There's so much more in this blog post that feels like they're working hard to ignore anything that disagrees with their bubble. Building an AI data pipeline with evals such that you can swap between AI APIs is standard. It's actually part of doing a decent job because you need to select which model hits the right cost/performance tradeoffs and be in a position to pivot when that math changes. Harboring ideas that OpenAI is going to collapse and bring your projects down with it is the kind of talk you hear out of people who don't understand how AI projects work or that there's an ecosystem to it beyond a single company.
The latest projects I'm working on even include open weight models that can be run on reasonable local hardware as cost and performance benchmarks. Even if all of the AI providers collapsed at the same time and nobody offered any services (not going to happen) these projects can still continue on.
It's a very weird time in technology. You can have one foot in a world where people are adopting technologies and using them intelligently, then you can run into articles like this from people who have built their own little self-selecting bubble that confirms all of their ideas who can't even imagine that successful projects exist right now.

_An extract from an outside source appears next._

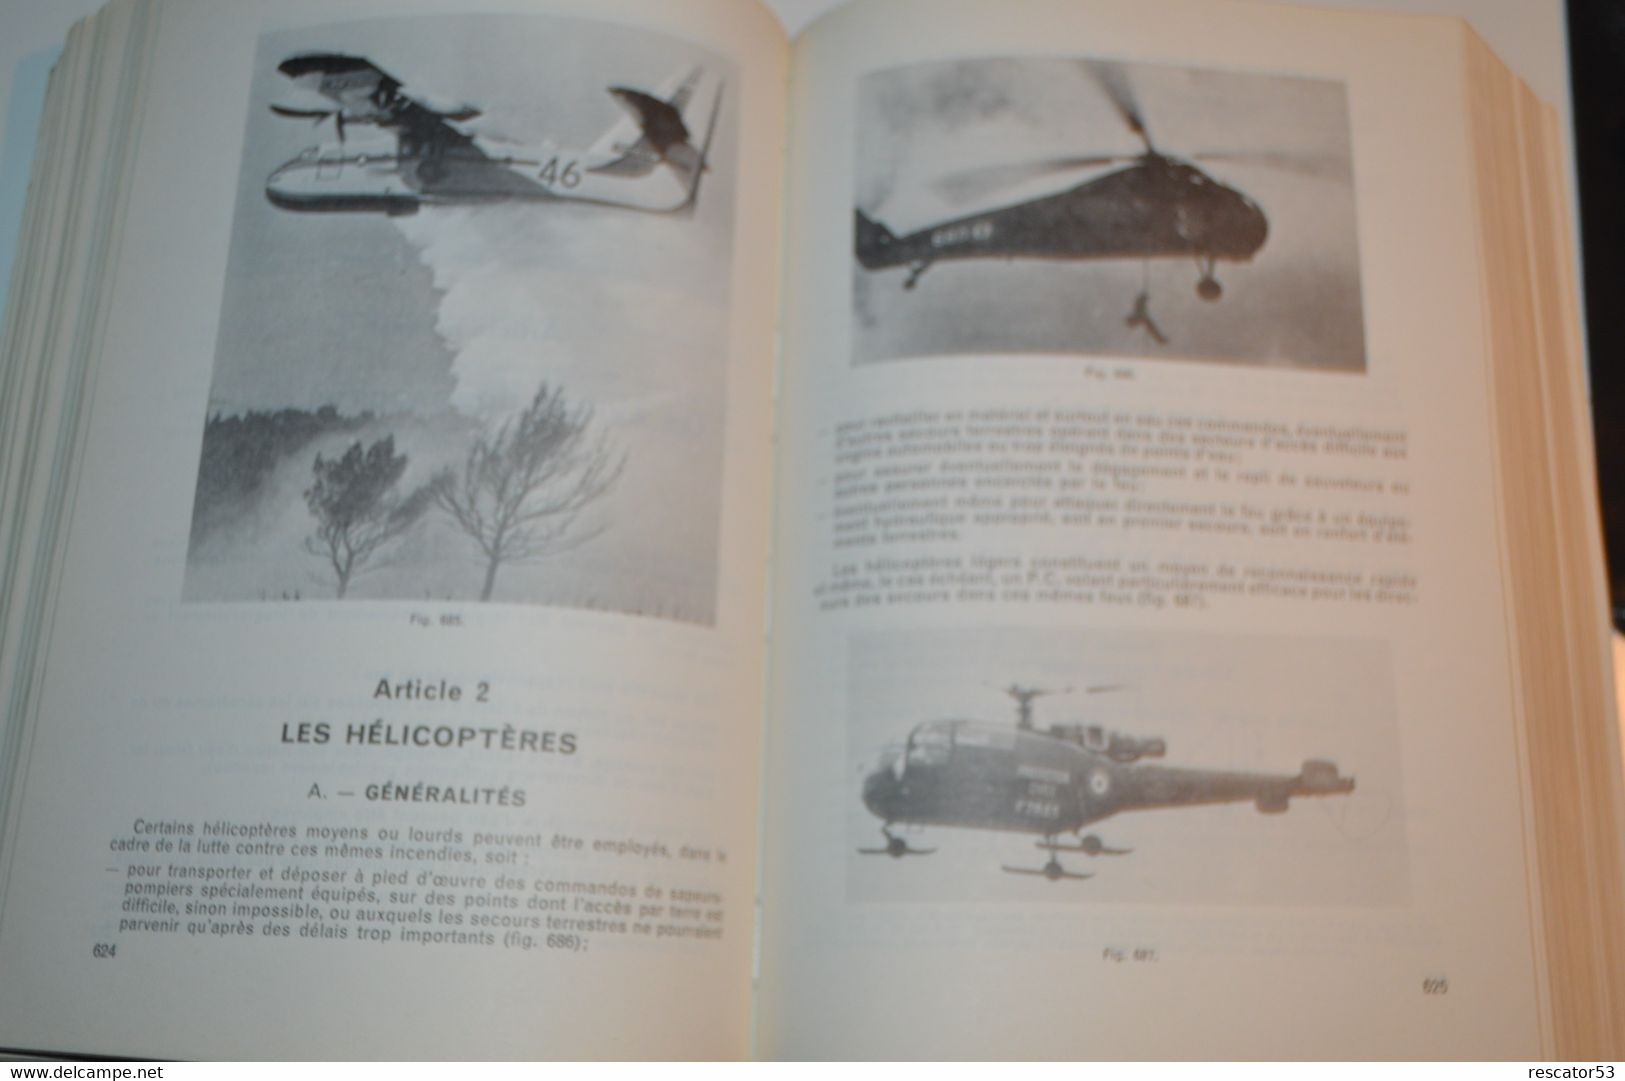 Rare Livre Règlement D'instruction Et De Manoeuvre Des Sapeurs Pompiers Communaux 1978 - Bomberos

Interesting how op describes his own experience and then assume that every other company around the globe experience exactly the same.
He generalizes CEO's behavior but provides no evidence. Cool.
Most of us on some level felt confident that AI would completely revolutionise our society. The singularity made sense to me, at least. It hasn't worked out like that, but rather than accept the crushing reality of our mistake and take a second to re-evaluate, we've decided to LARP out the future we promised ourselves by crowbar-and-vaselineing AI into every crack and crevice we can find and loudly proclaiming progress.
It's like some 90s kid with a Nintendo power glove who's convinced themselves that this makes them a hacker. This is not the singularity.
I personally can't wait for this to end, and for everyone to collectively get back to waiting for whatever the next golden ticket that's supposed to solve all of our problems turns out to be.